MATERIALS PROVIDED =

───

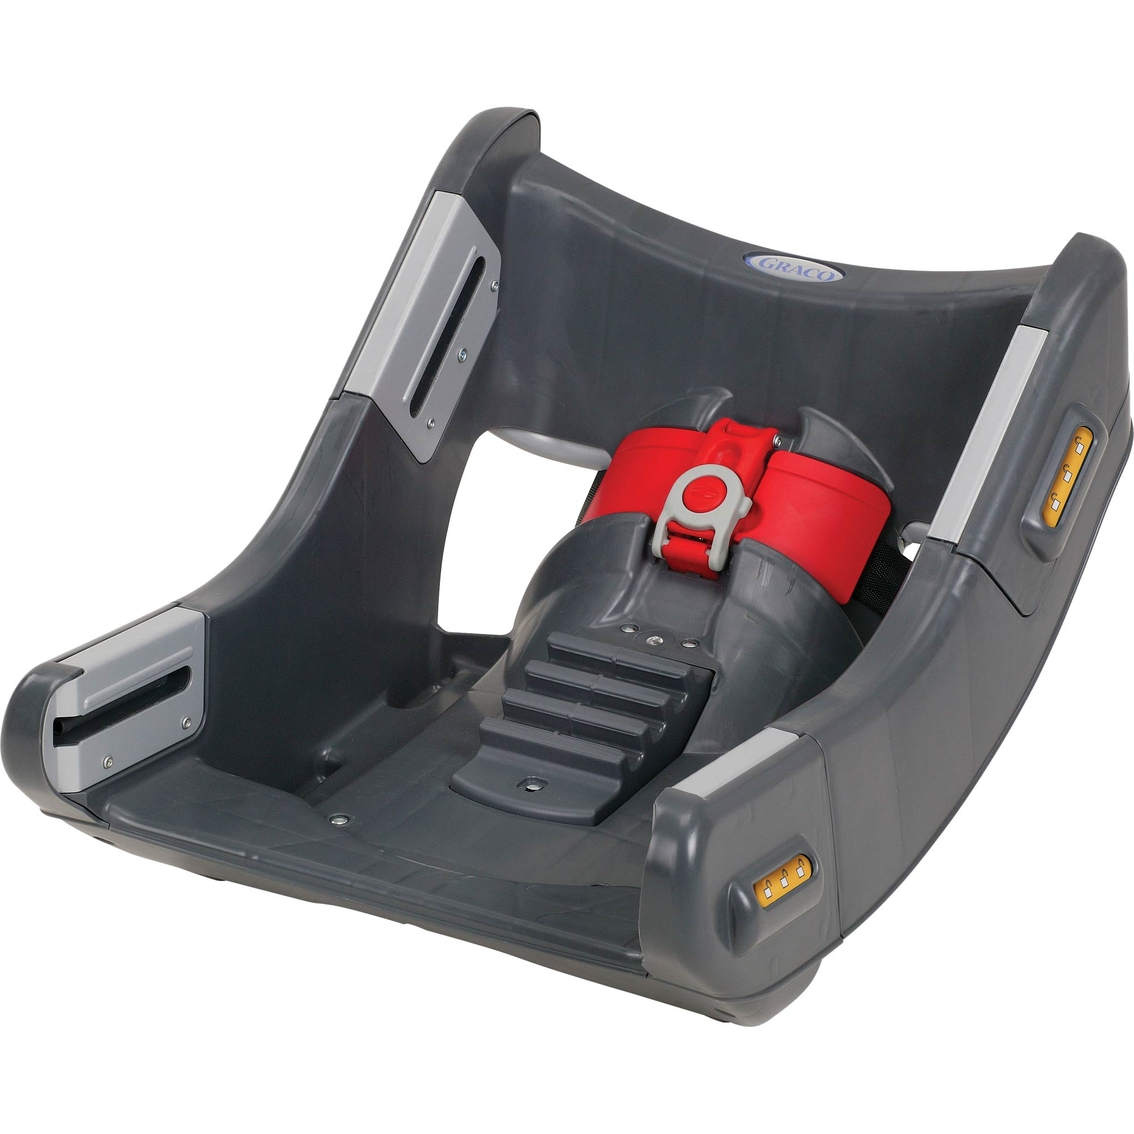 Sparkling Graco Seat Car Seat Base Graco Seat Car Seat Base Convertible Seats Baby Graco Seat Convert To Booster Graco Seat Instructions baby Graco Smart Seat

───

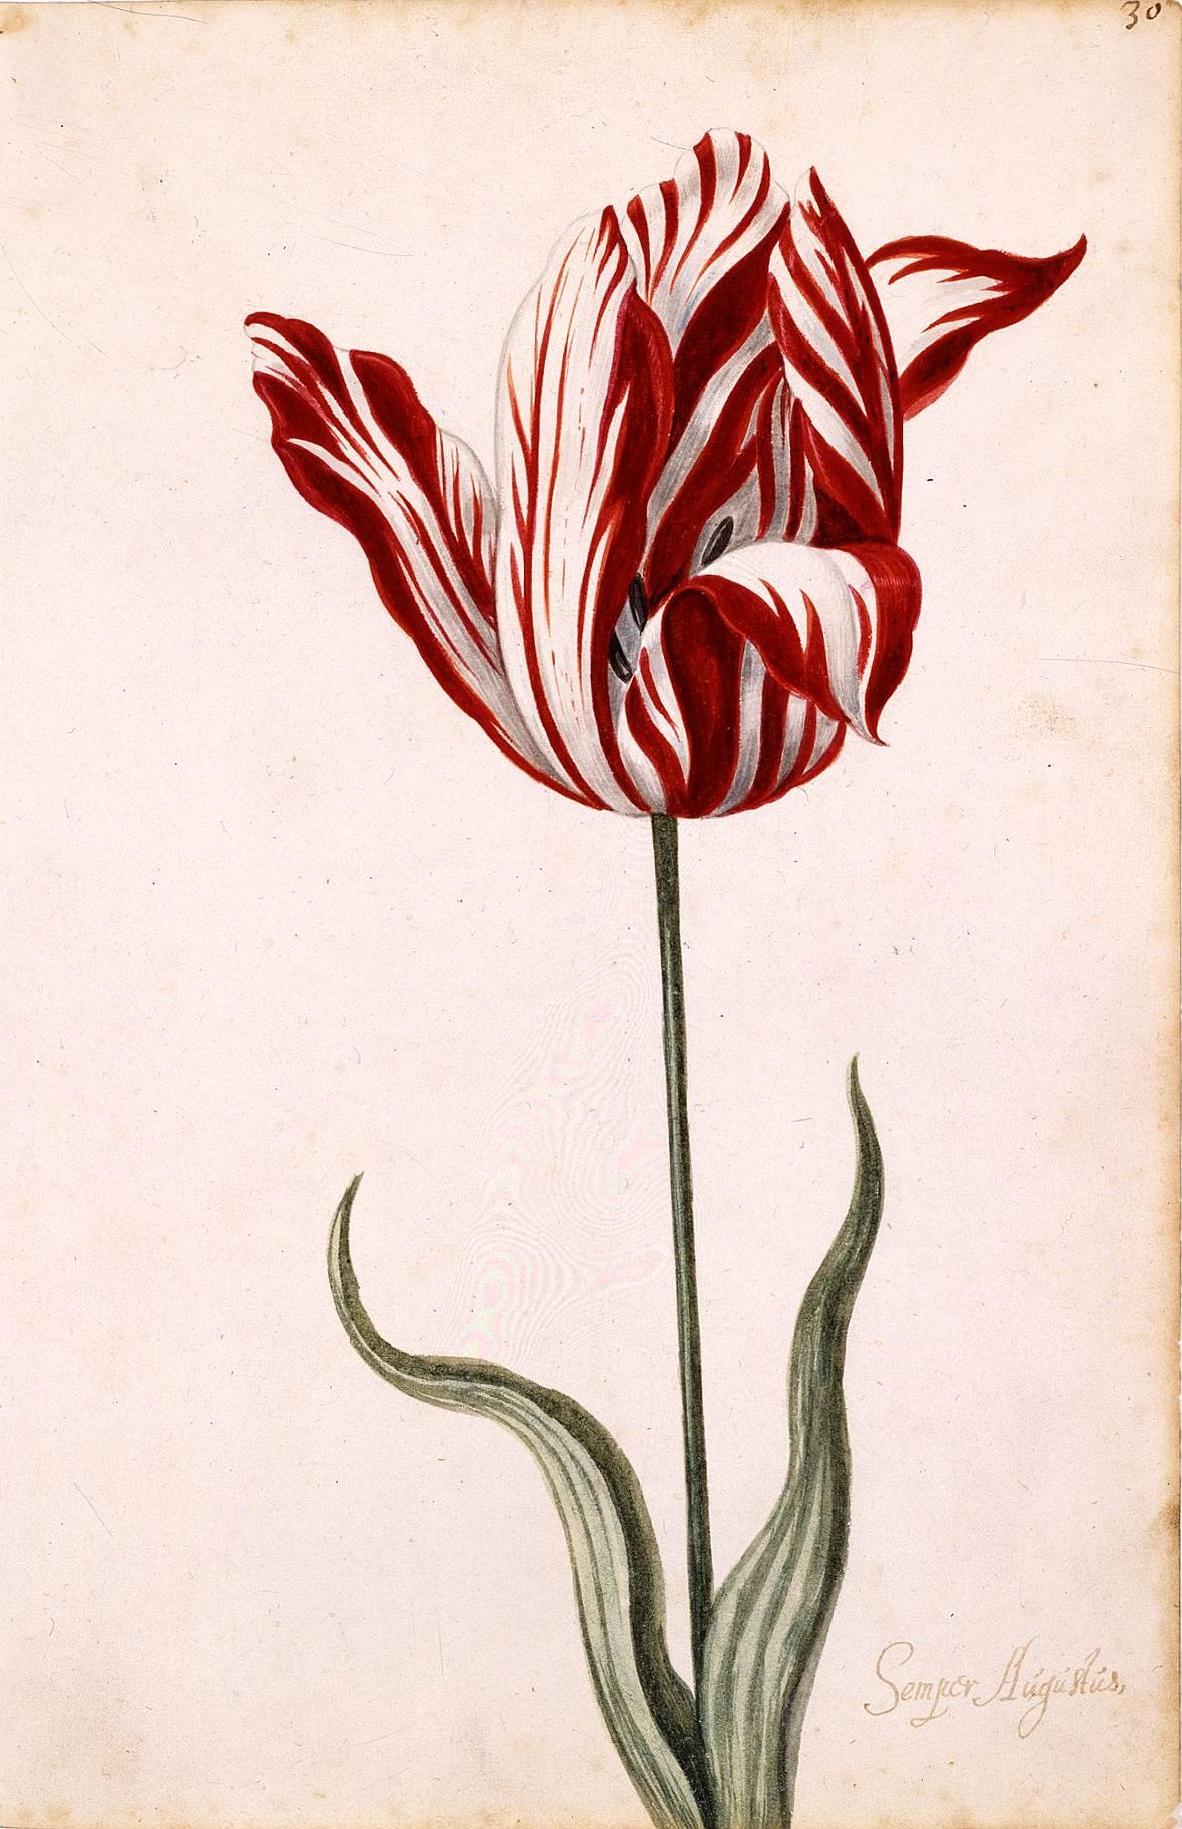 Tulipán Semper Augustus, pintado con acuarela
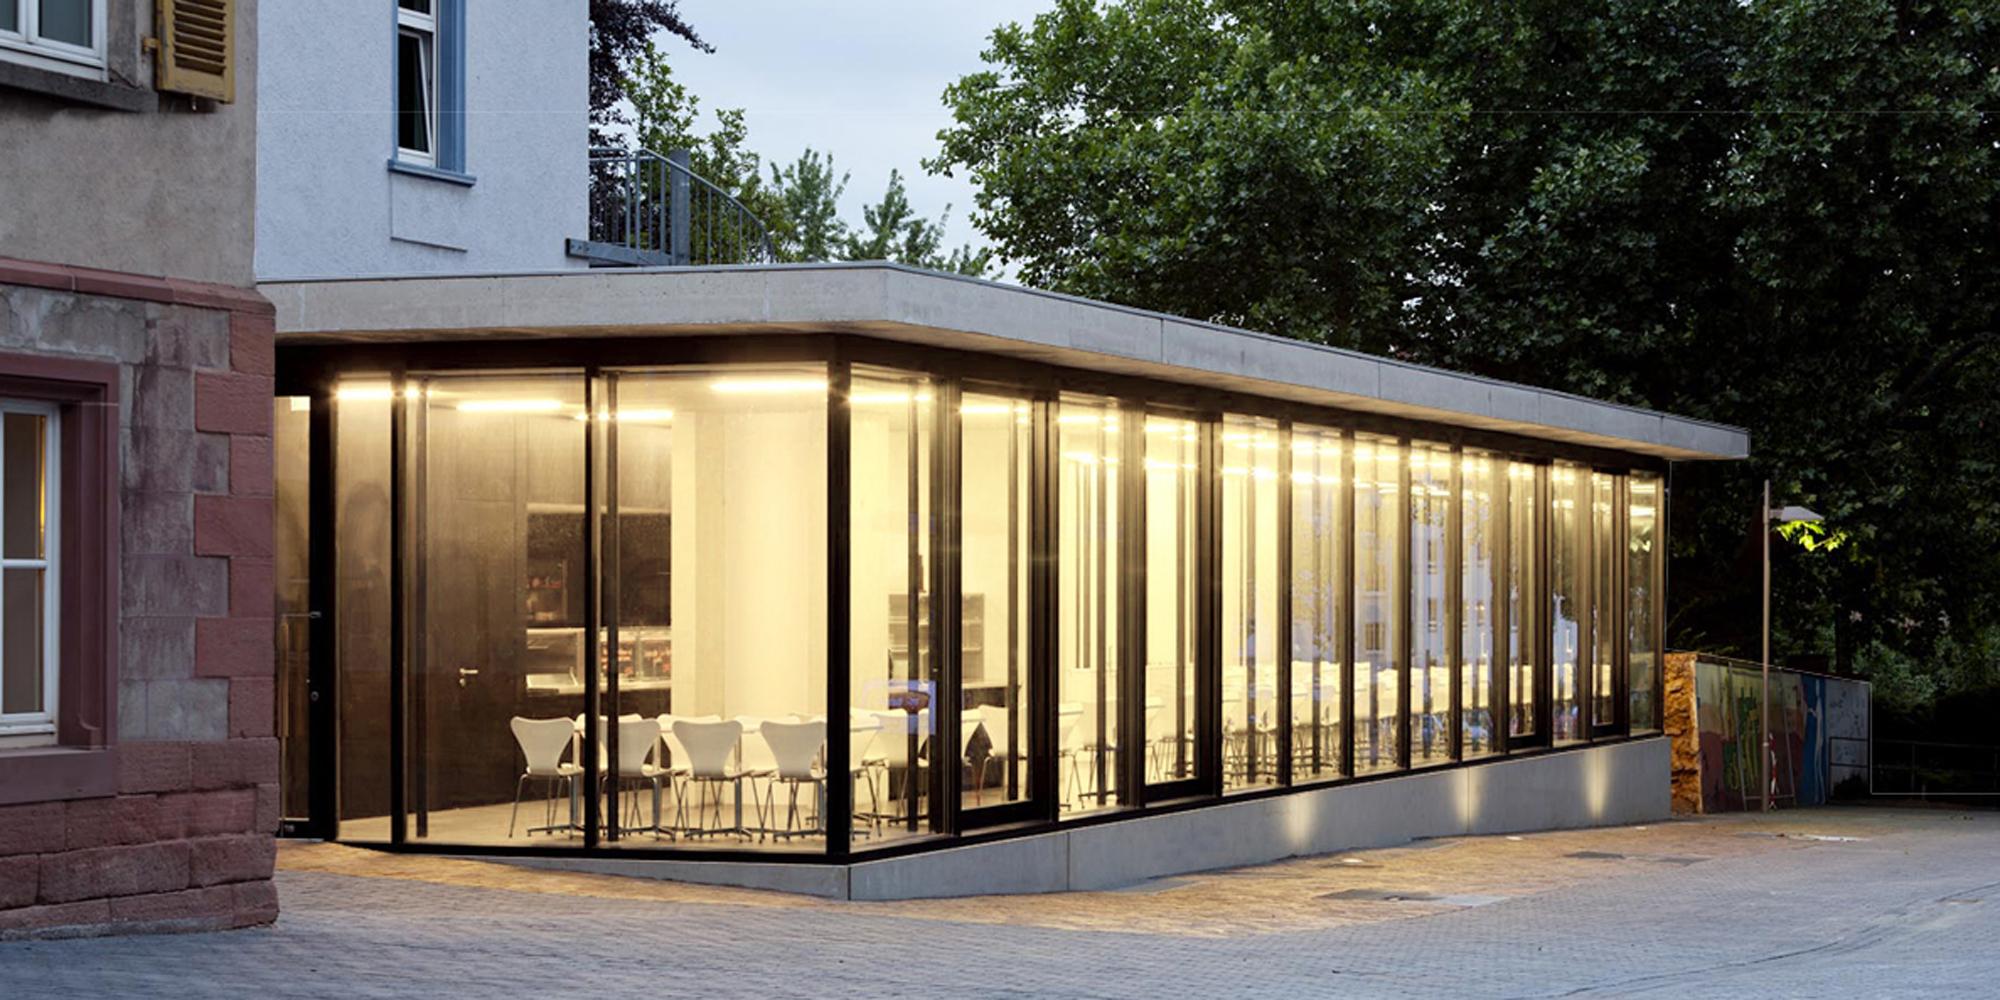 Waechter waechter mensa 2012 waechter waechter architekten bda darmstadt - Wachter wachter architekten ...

───

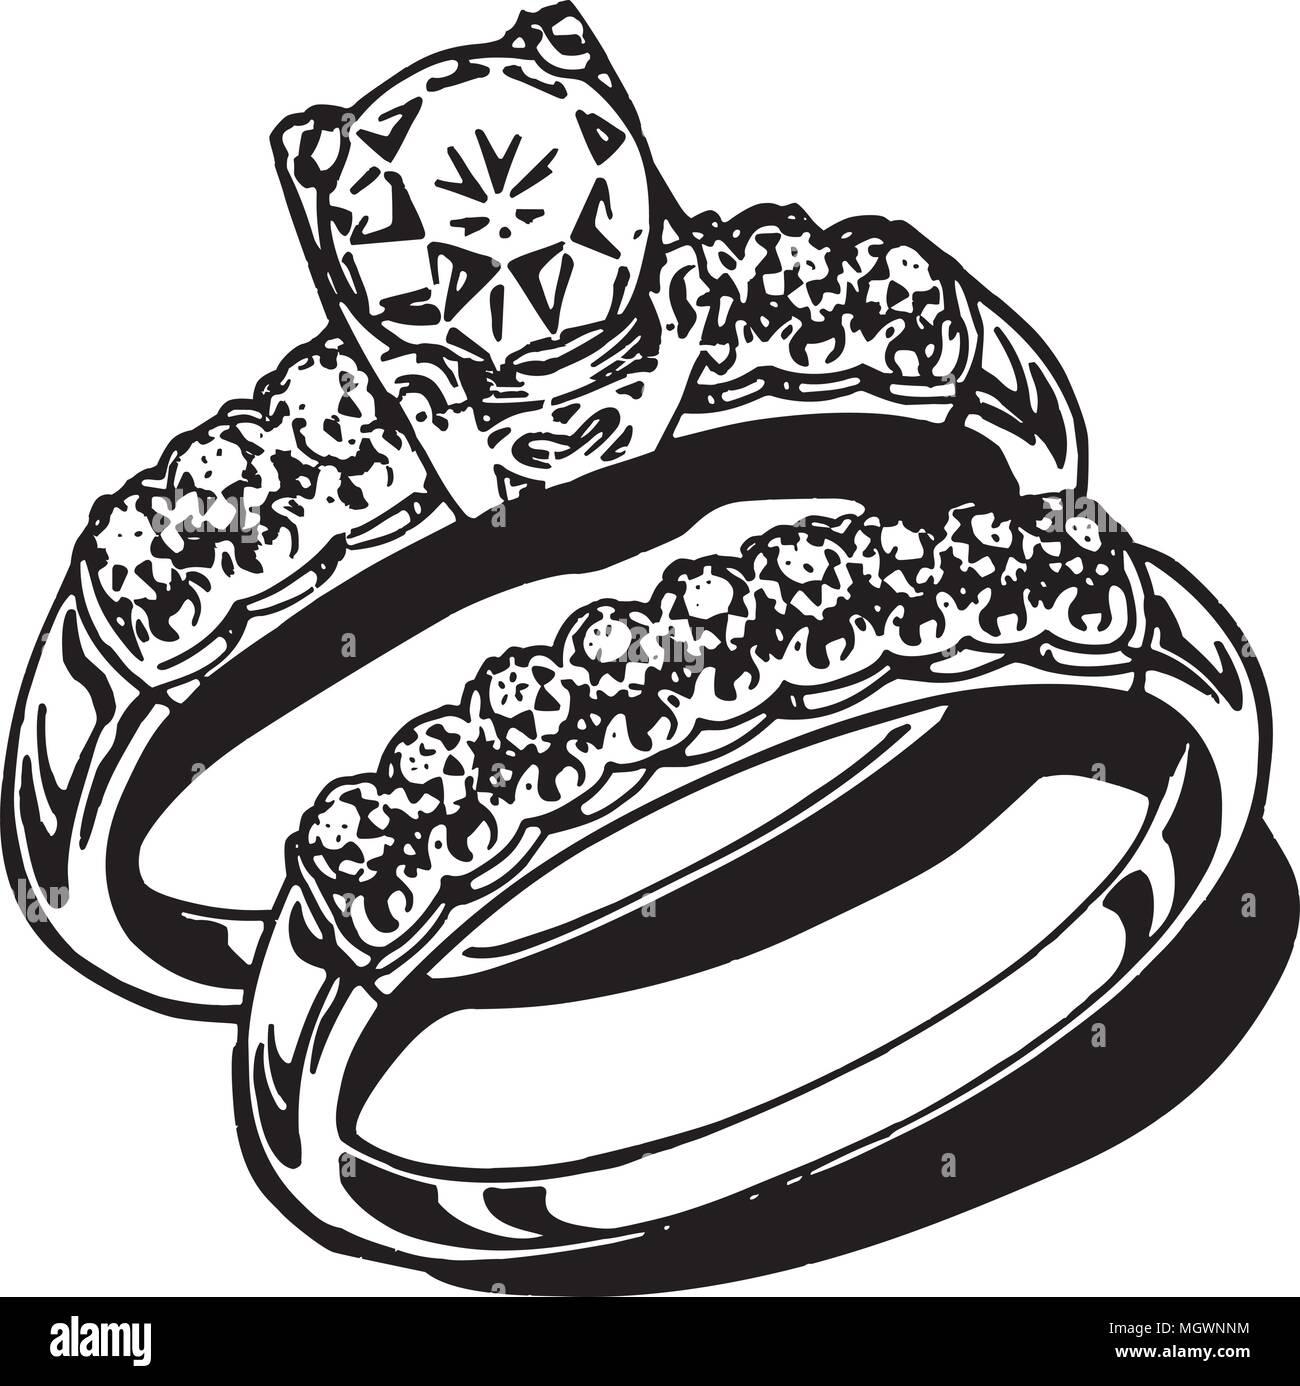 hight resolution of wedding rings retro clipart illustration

───

ACTIVITY =
Write down exactly what the lines above say, from the line holding "Tulipán Semper Augustus, pintado" through the line holding "Waechter waechter mensa", and nothing more. Do not copy the pictures.

TASK RESULT =
 Tulipán Semper Augustus, pintado con acuarela
 Waechter waechter mensa 2012 waechter waechter architekten bda darmstadt - Wachter wachter architekten ...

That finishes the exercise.